El peso de la noche es el peso de las preguntas que no tienen respuesta. La noche es de los enfermos, de los inquietos, no hay manera de liberarse de su tiranía. Se puede encender la luz, abrir un libro, buscar en la radio una voz reconfortante pero la noche sigue ahí al acecho: de la oscuridad venimos, a la oscuridad volvemos y oscuro era el espacio antes de que el universo tomara forma.

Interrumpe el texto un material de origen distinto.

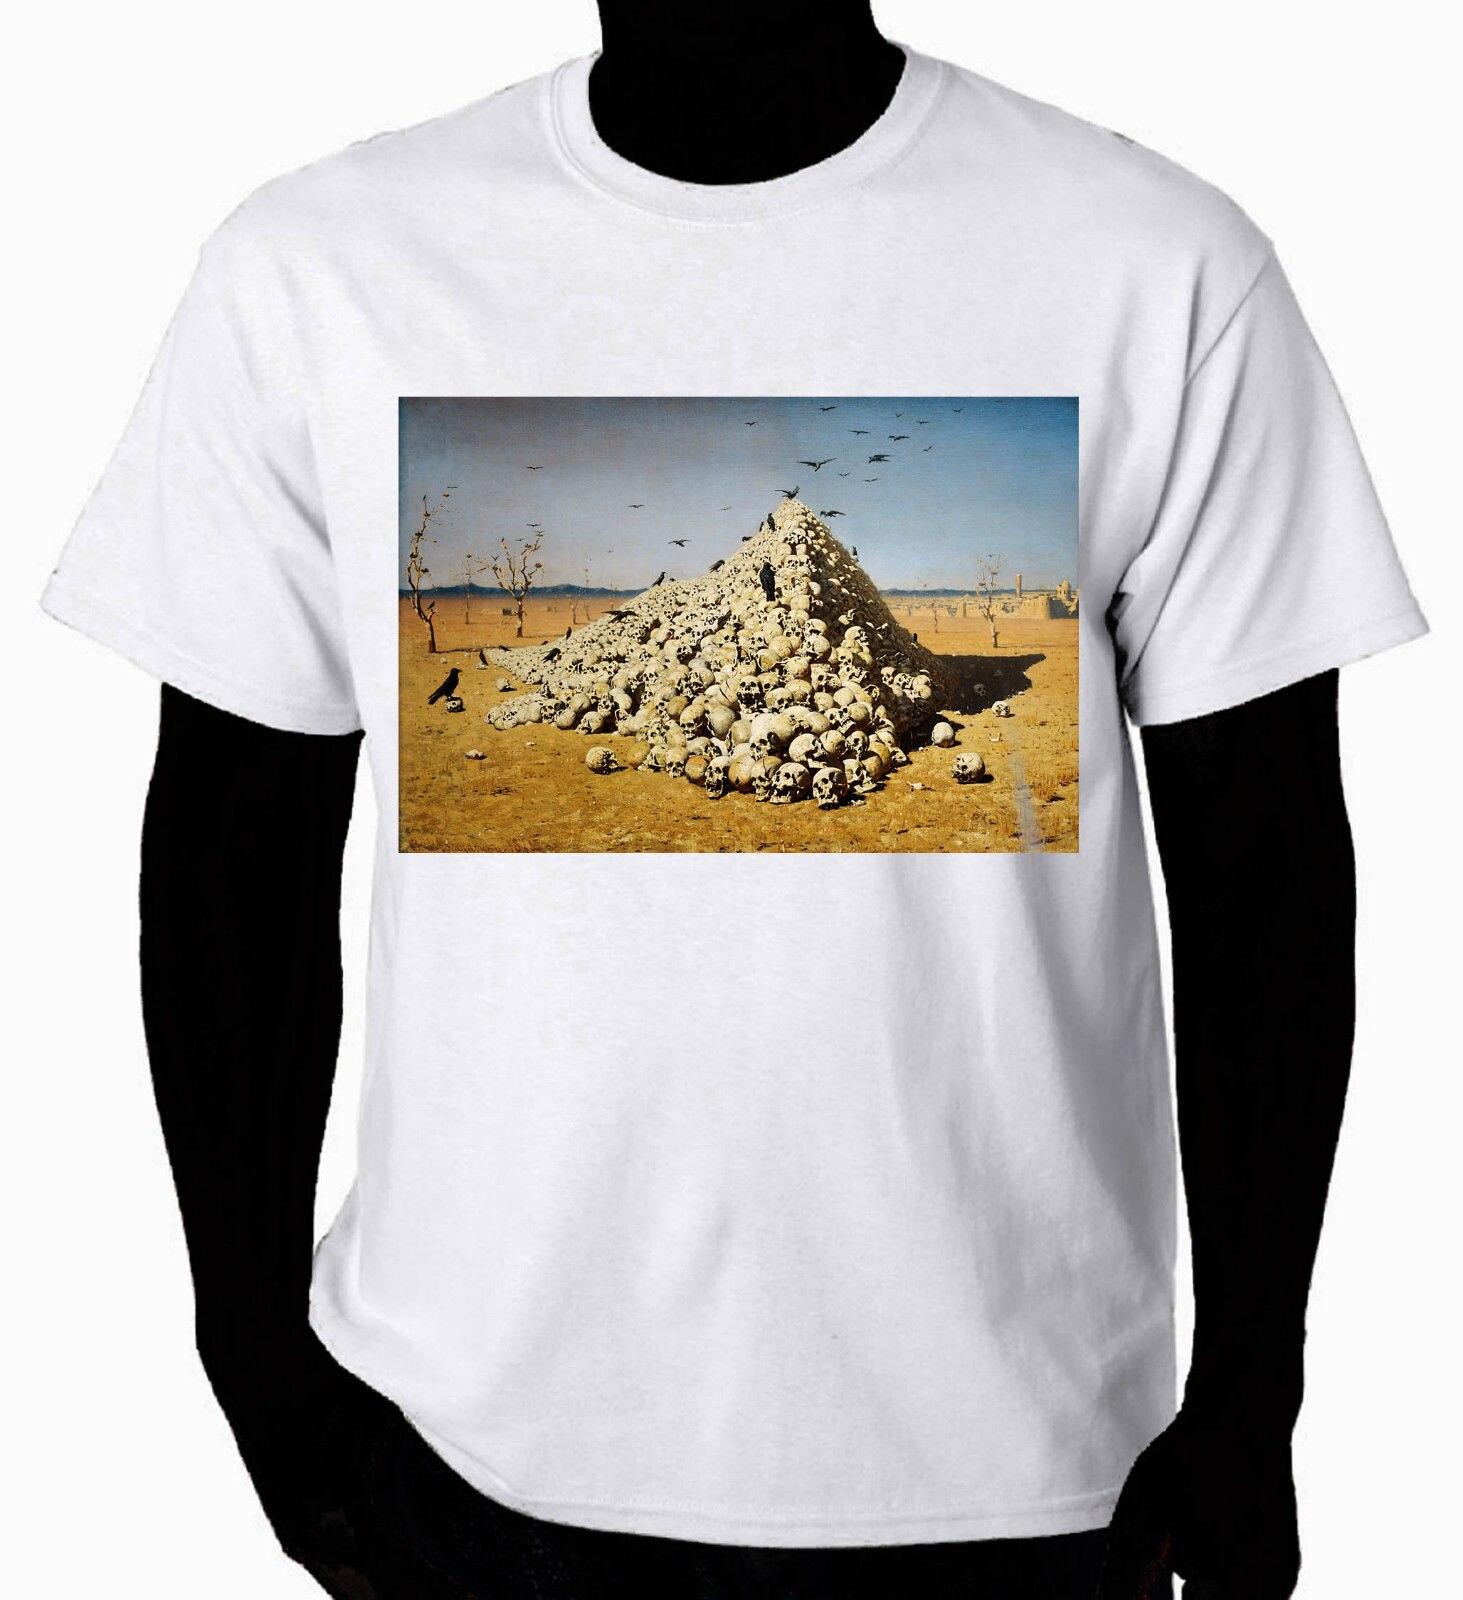 Camiseta artística la apoteosis de la guerra, camiseta a la moda para hombre, Camiseta de algodón Natural a la venta, camiseta de moda para hombre 2017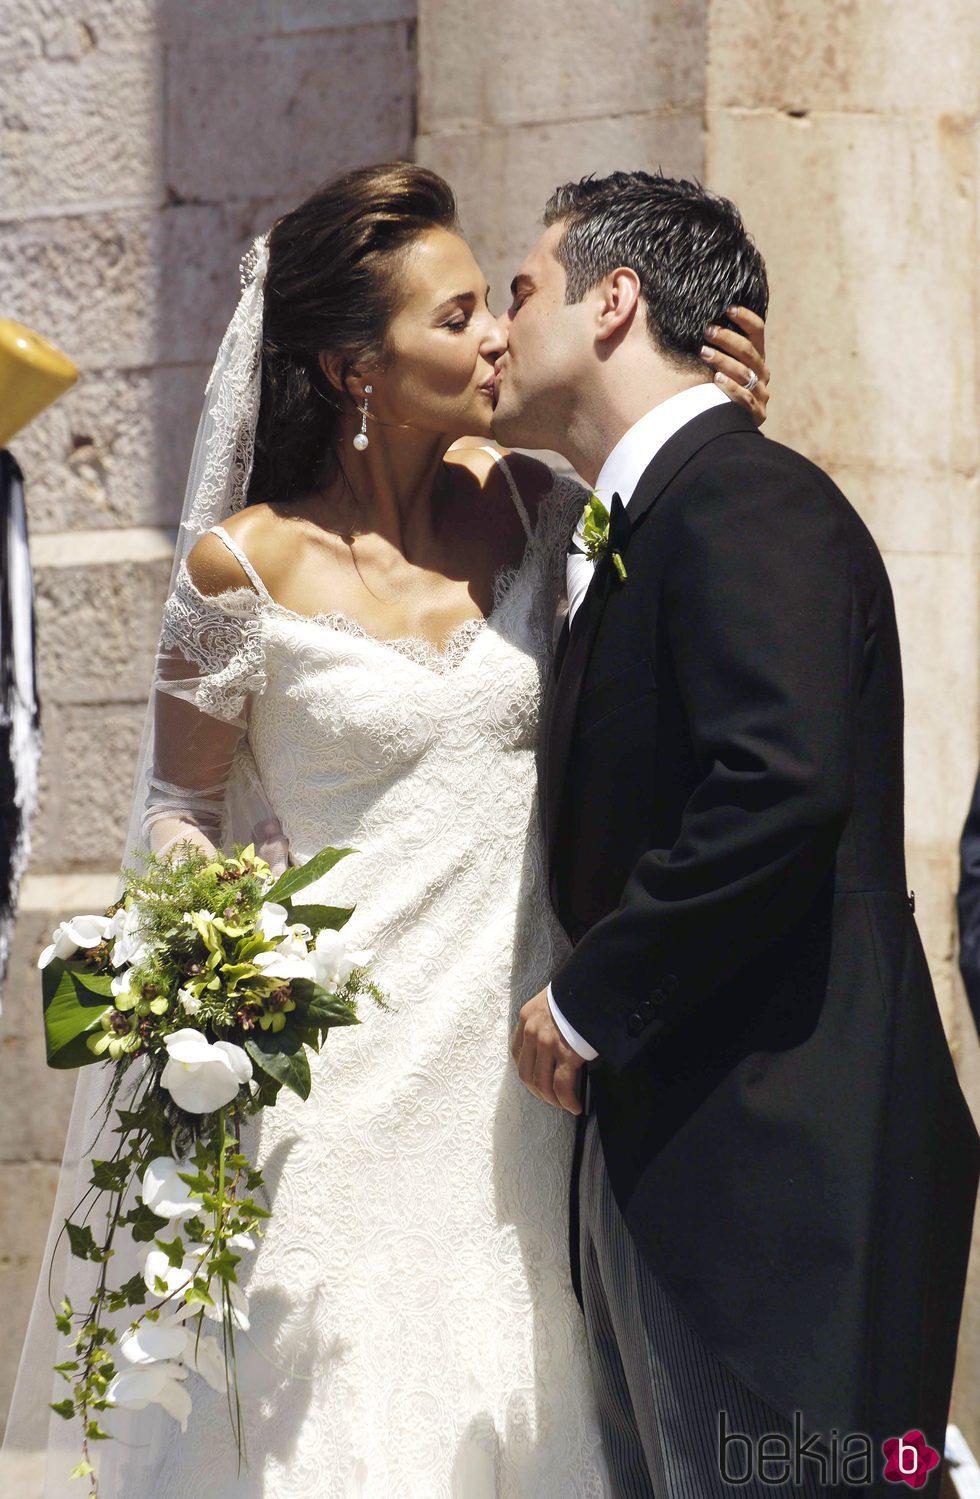 Paula Echevarría y David Bustamante besándose en su boda

Quizá por eso las ciudades son siempre más luminosas y están llenas de atracciones. A cualquier hora de la noche, si se desea, se puede comer, comprar algo, divertirse. El silencio y la oscuridad se ven relegados a las pocas horas en las que vence el cansancio y se debe tratar de recuperar un poco de fuerzas para poder seguir, pero no es un sueño atravesado por el fulgor de las preguntas, es como un desmayo, un breve espacio en que el cuerpo se ve obligado a ceder a la fisiología, para despertarse después ante una pantalla luminosa de la que nosotros y sólo nosotros tenemos el mando a distancia.
¿En qué crees?, me había preguntado mi tío. En el silencio de la noche daba vueltas y más vueltas en la cama sin lograr encontrar tranquilidad. Sabía que no vendría el sueño pero esperaba, inútilmente, al menos una especie de sopor. La pregunta flotaba en el aire arrastrando consigo tantas otras, la primera entre todas, su gemela: ¿por qué vives?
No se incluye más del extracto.